What is expected ▸ Omit every picture, then return the listing verbatim.

Data shown ▸
↓
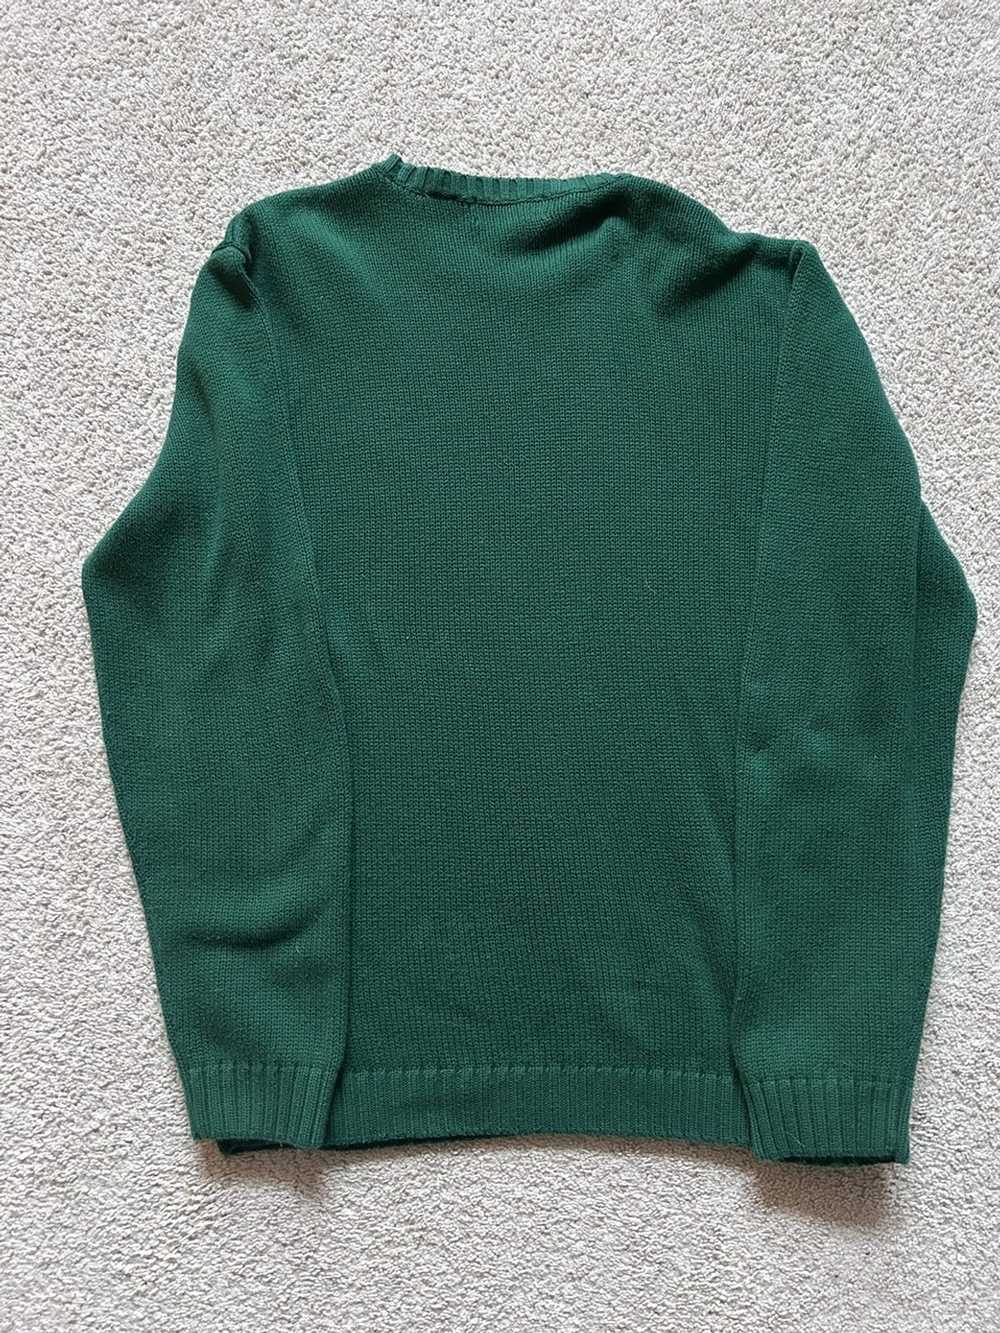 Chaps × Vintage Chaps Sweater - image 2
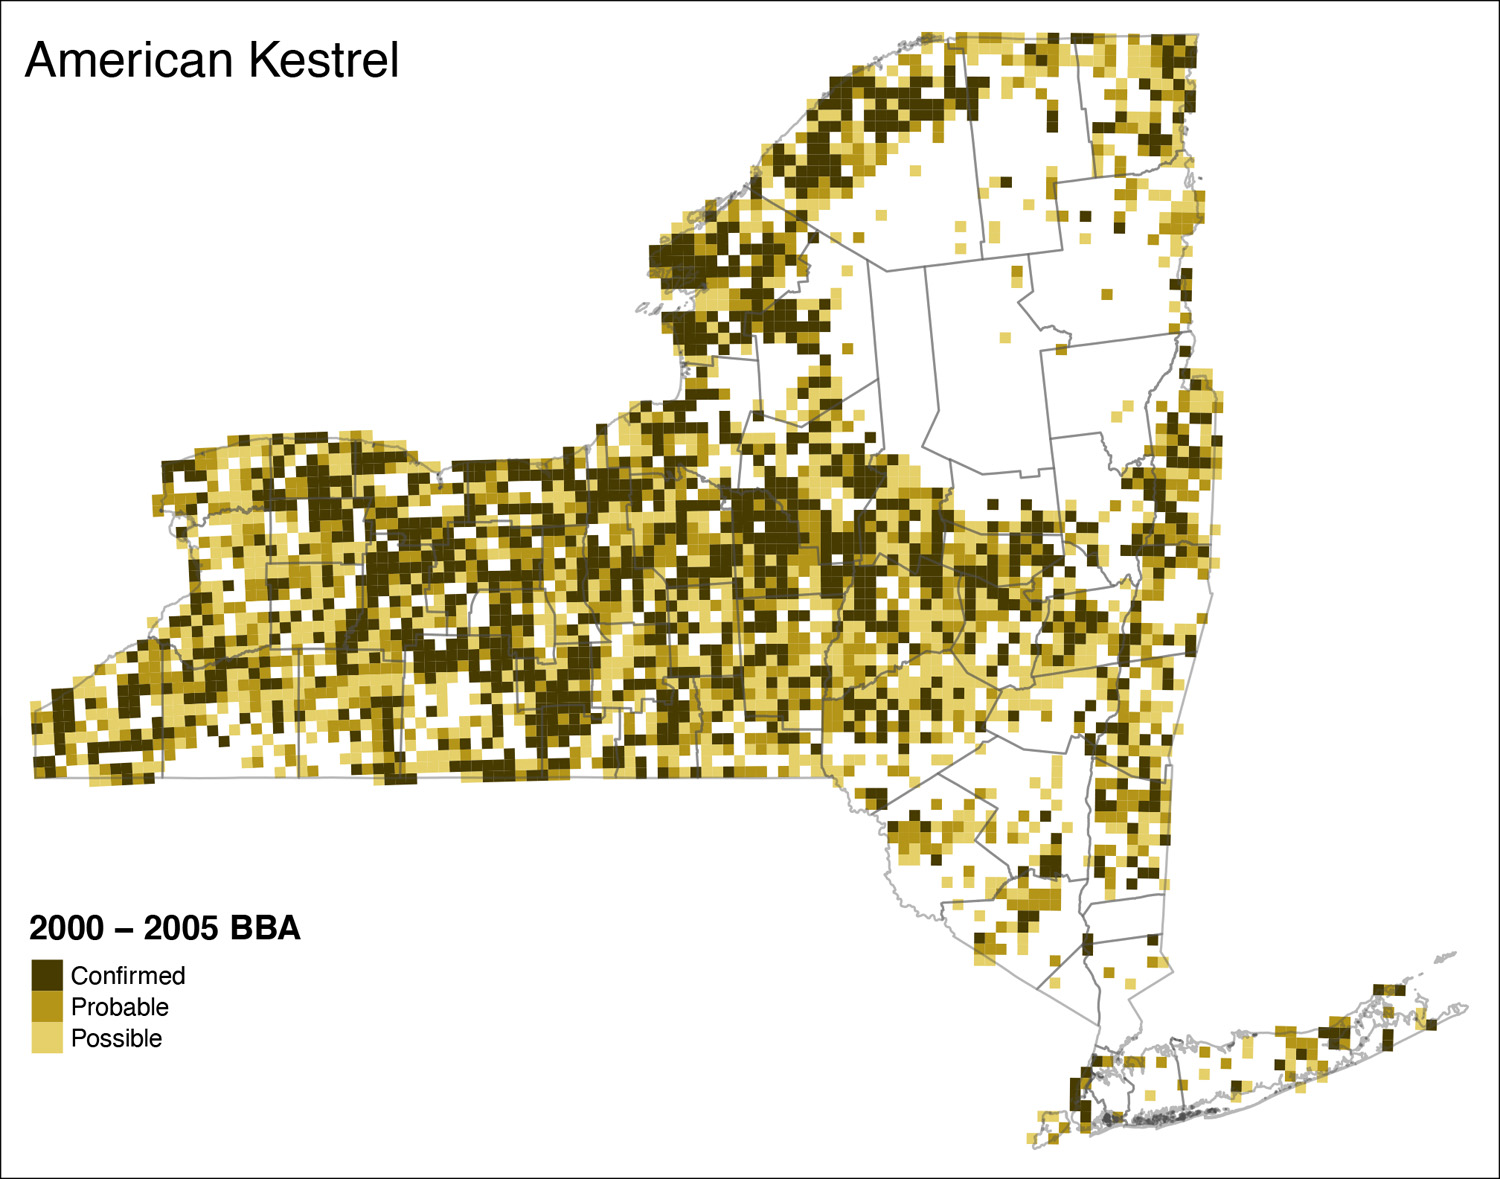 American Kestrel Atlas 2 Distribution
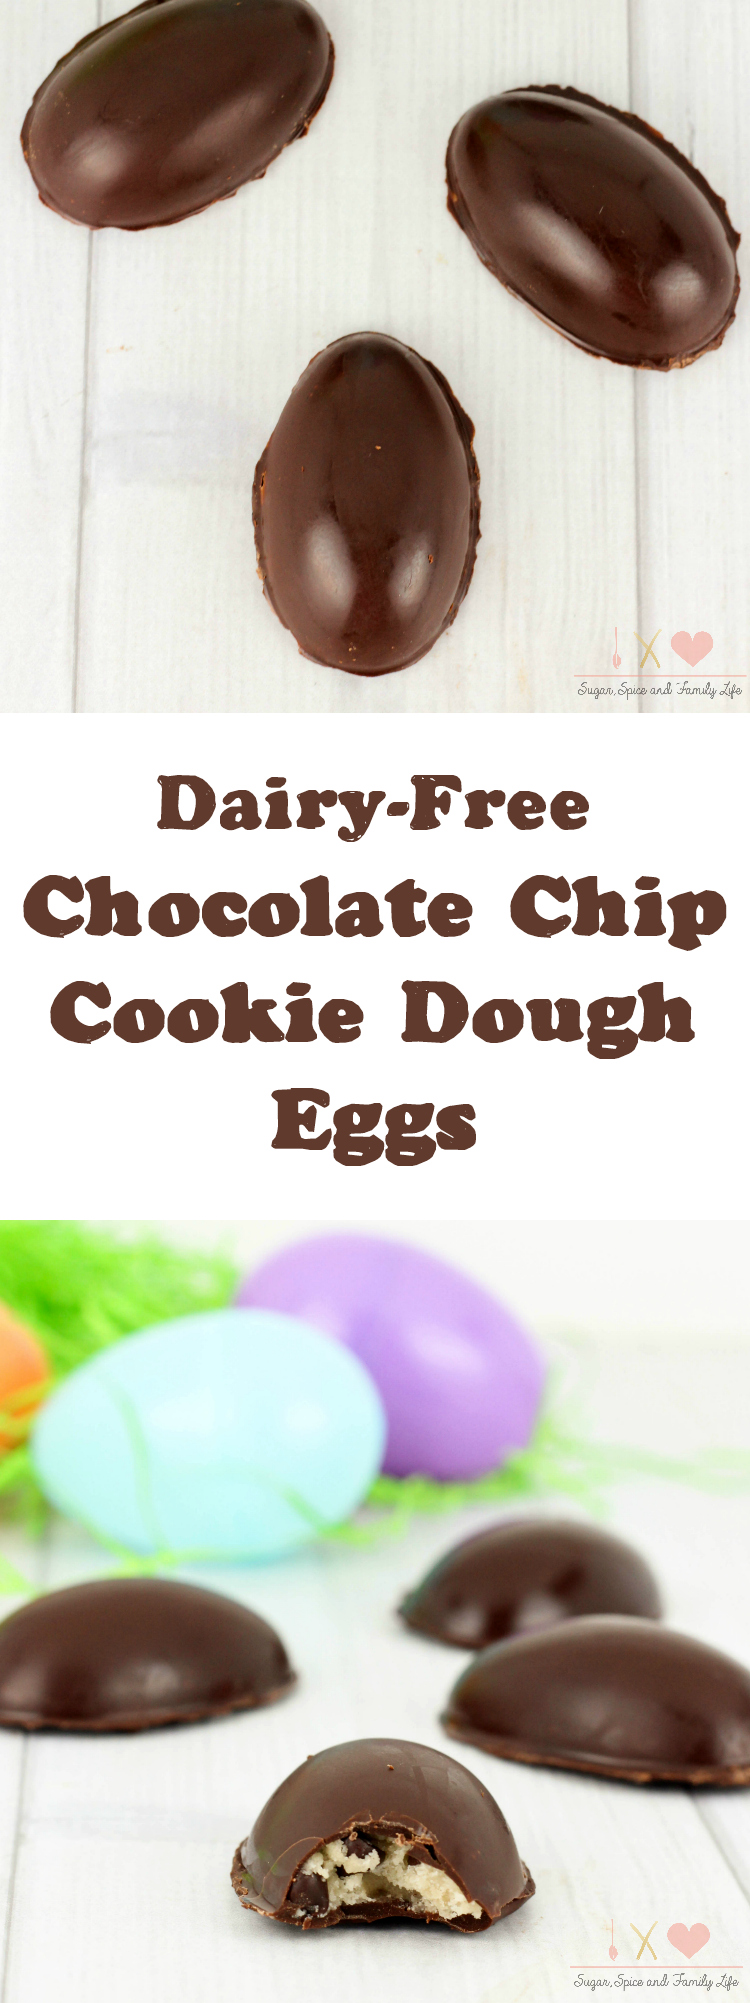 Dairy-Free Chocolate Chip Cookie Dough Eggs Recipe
↑
Response to the exercise ▸
 Chaps × Vintage Chaps Sweater - image 2
 American Kestrel Atlas 2 Distribution
 Dairy-Free Chocolate Chip Cookie Dough Eggs Recipe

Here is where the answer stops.